Elevation data

Elevation data

Types of data available

An important distinction needs to be made between the different types of elevation data you might see:

Digital surface model (DSM) : The height above sea level of the tops of things. So, for example, it incudes the tops of buildings, trees, etc..

Digital terrain model (DTM) : The height above sea level of the bare earth. These are generally derived by applying specialist processing to a DSM to remove buildings, trees, etc..

Both DSMs and DTMs will generally come in a raster image format, often with additional geospatial meta data. The value of each pixel is the height at that point.

As well as the elevations, further processing of DTM data is often done to derive quantities that are useful in various models and to generate a "prettier" visual layer. The definitions taken from the Environment Agency data portal are:

Aspect : Aspect identifies the downslope direction of the maximum rate of change in value from each cell to its neighbors. Aspect can be thought of as the slope direction.

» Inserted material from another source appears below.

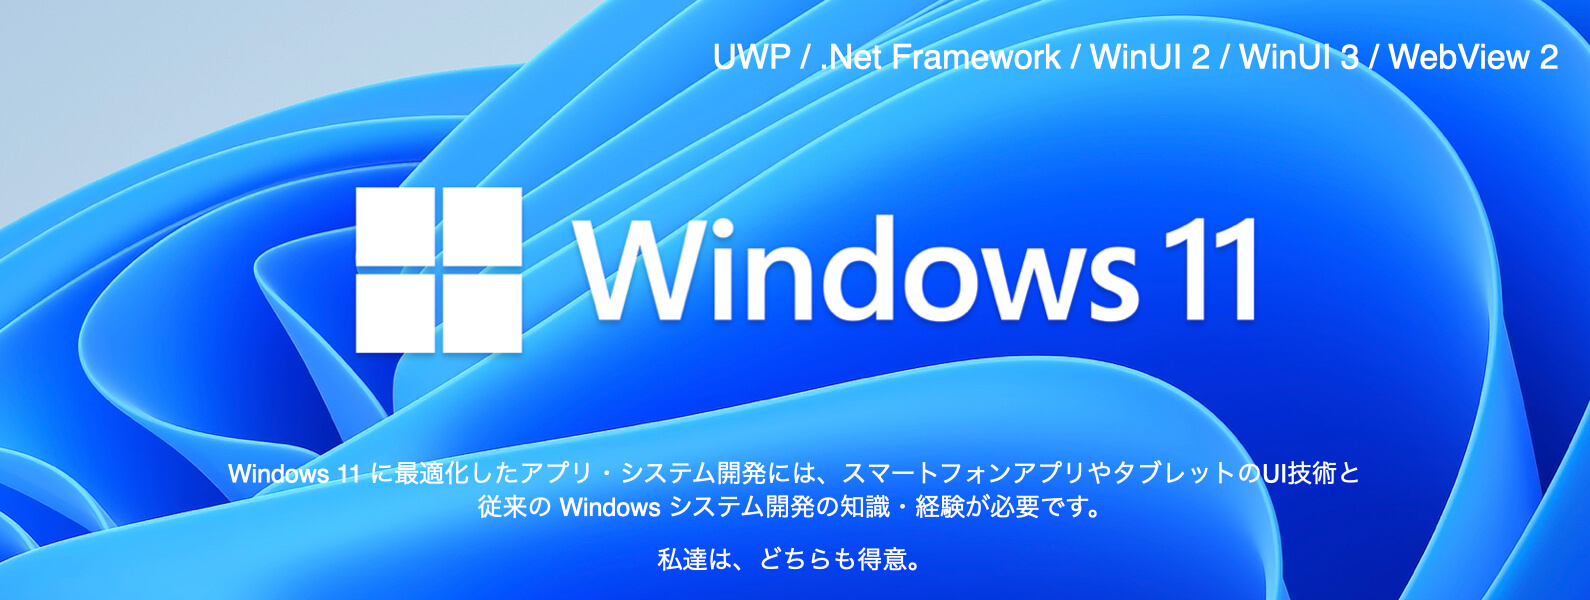 Windows 10 アプリ開発

Hillshade : A hillshade is a grayscale 3D representation of the surface, with the sun's relative position taken into account for shading the image. This function uses the altitude and azimuth properties to specify the sun's position.

Slope : Slope represents the rate of change of elevation for each pixel cell. Values are represented in degrees.

TSR : The Tinted Shaded Relief (TSR) is a color 3D representation of the terrain, created by merging the images from the Elevation-coded and Hillshade methods.

Measurement techniques

DSM and DTM data can be derived from point data collected by several different measurement techniques. Roughly ordered by decreasing accuracy/precision and increasing coverage/density the main ones are:

Spot heights : Manual measurements taken at relatively few specific points. This is the gold standard for accuracy of height but the data is usually sparse.

Light detection and ranging (LIDAR) from an aircraft : This is done by firing laser pulses from an aircraft and recording the return time. This gives fairly accurate heights and can give high point densities but usually has less coverage due to time and cost.

Light detection and ranging (LIDAR) from an satellite : Same as above but with a lower accuracies and densities but much better, often global, coverage.

Using the data

Ideally you want to use a DTM that is stored in a geo-tagged file format so that the location of each pixel is easy to calculate. It is important that the data is the raw elevations and not a visually pretty version like TSR as the pixel values in a TSR image don't correspond to elevation.